ドッグトレーナーの「流派」の違いを知ろう
ドッグトレーナーを選ぶうえでまず押さえておきたいのが、トレーニングの考え方(流派)の違いです。同じ「しつけ」でも、アプローチが大きく異なります。

陽性強化(ポジティブトレーニング)
おやつや褒め言葉など「犬にとって嬉しいこと」を使って、望ましい行動を増やしていく方法です。近年の動物行動学ではこの陽性強化が主流になっており、家庭犬のしつけ教室の多くがこの考え方をベースにしています。犬にストレスを与えにくく、初めて犬を飼う家庭にも取り入れやすいのが特徴です。
家庭犬しつけ系(バランス型)
おやつなどのご褒美を使いつつ、リードや声のトーンでの合図も併用する、いわば「バランス型」の指導スタイルです。日常生活での実用的なマナー(呼び戻し・トイレ・留守番など)を中心に教えるスクールに多い傾向があります。
伝統的な訓練士系
警察犬・盲導犬・使役犬の訓練をルーツに持つ、規律重視のトレーニングスタイルです。首輪やリードでの合図を用いる場面もあり、しっかりとした基礎訓練を重視します。近年は動物福祉の観点から手法が見直されつつある流派でもあるため、体験レッスンで犬への接し方を必ず確認することをおすすめします。
競技犬・スポーツドッグ系
アジリティやディスクドッグなど、犬とスポーツを楽しむための専門トレーニングを行う流派です。競技志向の高い飼い主向けで、運動能力や集中力を伸ばす指導に特化しています。

ドッグトレーナーの資格の種類
ドッグトレーナーには国家資格はなく、民間団体が認定する資格が中心です。資格の有無だけでなく「どの団体が」「どんな基準で」認定しているかを見ることが大切です。
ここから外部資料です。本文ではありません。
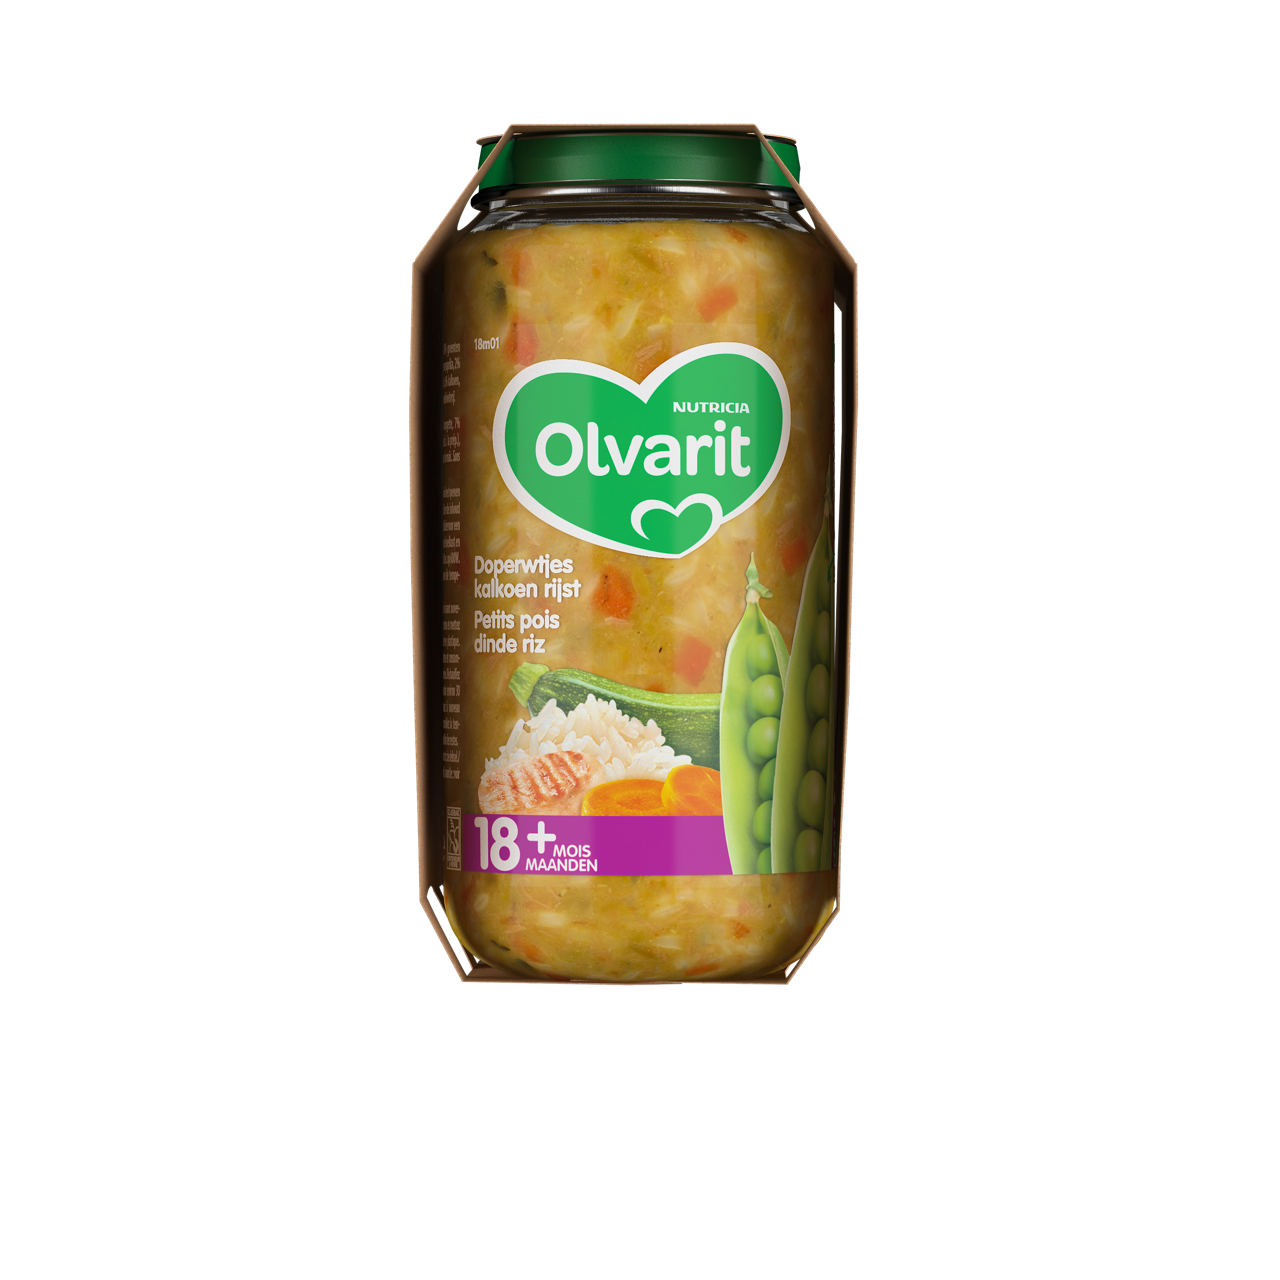 Olvarit Petits pois dinde riz (250 g). Consultez notre site web Olvarit.be pour plus d'info sur alimentation pour bébé et les produits Olvarit.

代表的な資格の種類は以下の通りです。
| 資格の種類 | 主な特徴 | 取得費用の目安 |
|---|---|---|
| 家庭犬しつけインストラクター系 | 家庭犬のマナー・問題行動対応が中心 | 1万〜10万円程度 |
| 愛玩動物飼養管理士 | 飼育全般の知識を証明する資格 | 3万円前後 |
| ドッグトレーナー養成講座(通信・通学) | 実技スクーリング付きで実務力を重視 | 8万〜20万円程度 |
| 団体認定の訓練士資格 | より専門的・長期的な養成課程 | 数十万円〜 |
資格取得にかかる費用は数千円のオンライン検定から、専門学校クラスの数十万円規模まで幅広く存在します。「資格名」よりも「どんな犬でどんな実績を積んできたか」「体験レッスンでの犬への接し方」を重視して選ぶのが失敗しないコツです。
依頼にかかる費用相場
実際にドッグトレーナーへ依頼する場合の費用相場は、指導形式によって大きく異なります。
| 指導形式 | 費用の目安 |
|---|---|
| 出張個別レッスン(1回60〜90分) | 8,000円〜15,000円程度 |
| グループしつけ教室(月4回程度) | 15,000円〜30,000円程度 |
| 幼犬向け集中コース | 30,000円〜60,000円程度 |
| 預かりトレーニング(数日〜数週間) | 10万円〜数十万円程度 |
費用は地域やトレーナーの実績によって差が大きいため、必ず事前に複数のトレーナー・教室から見積もりを取り、レッスン内容を比較することをおすすめします。

信頼できるドッグトレーナーの見分け方
- 体験レッスンを必ず受ける:犬への接し方、声かけのトーン、無理な力を使っていないかを実際に確認しましょう。
- トレーニング方針を質問する:「どんな考え方でトレーニングしていますか」と聞いて、納得できる説明があるかを見ます。
- 実績や口コミを確認する:SNSやGoogleマップの口コミ、指導実績の犬種・頭数などを確認すると安心材料になります。
- 相性を最優先する:どれだけ実績があっても、愛犬とトレーナーの相性が合わなければ効果は出にくいものです。
- 継続的なフォロー体制があるか:レッスン後も質問できる環境があるかを確認しておくと安心です。
おすすめのしつけ・トレーニンググッズ
クリッカー(陽性強化トレーニング用)
「できた」の瞬間を音で伝える陽性強化トレーニングの定番アイテムです。
どんな人向け:これから自宅でも陽性強化トレーニングを取り入れたい飼い主さん
参考価格:500円〜1,500円程度
トレーニング用おやつポーチ
レッスン中や散歩中にすぐおやつを取り出せる、腰に付けるタイプのポーチです。
どんな人向け:グループレッスンや外での練習が多い飼い主さん
参考価格:1,500円〜3,000円程度
長さ調整可能なロングリード
呼び戻し練習やドッグランでの距離練習に使いやすい、長さ調整タイプのリードです。
どんな人向け:屋外での呼び戻しトレーニングを重視したい飼い主さん
参考価格:1,500円〜3,500円程度

まとめ
ドッグトレーナー選びは「資格の有無」だけでなく、流派(トレーニング方針)との相性、費用感、そして体験レッスンでの信頼感を総合的に見て決めることが大切です。愛犬にとって無理のない方法で、飼い主さんも一緒に学べるトレーナーを見つけて、楽しいトレーニングライフを送りましょう。
参考文献
- ドッグトレーナーの資格の一覧!費用や難易度、年収まで徹底調査
- 資格について|日本ドッグトレーナー協会
- ドッグトレーニングアドバイザー資格|日本生活環境支援協会
- 犬のしつけ教室・ドッグトレーナーの選び方
免責事項
本記事は一般的な情報提供を目的としており、特定のトレーナー・団体・手法を推奨するものではありません。愛犬の性格や問題行動の内容によって最適なアプローチは異なりますので、実際にトレーナーへ依頼する際は、必ず体験レッスンや面談を通してご自身の目で確認のうえご判断ください。深刻な問題行動が見られる場合は、動物病院やドッグトレーナーなど専門家にご相談ください。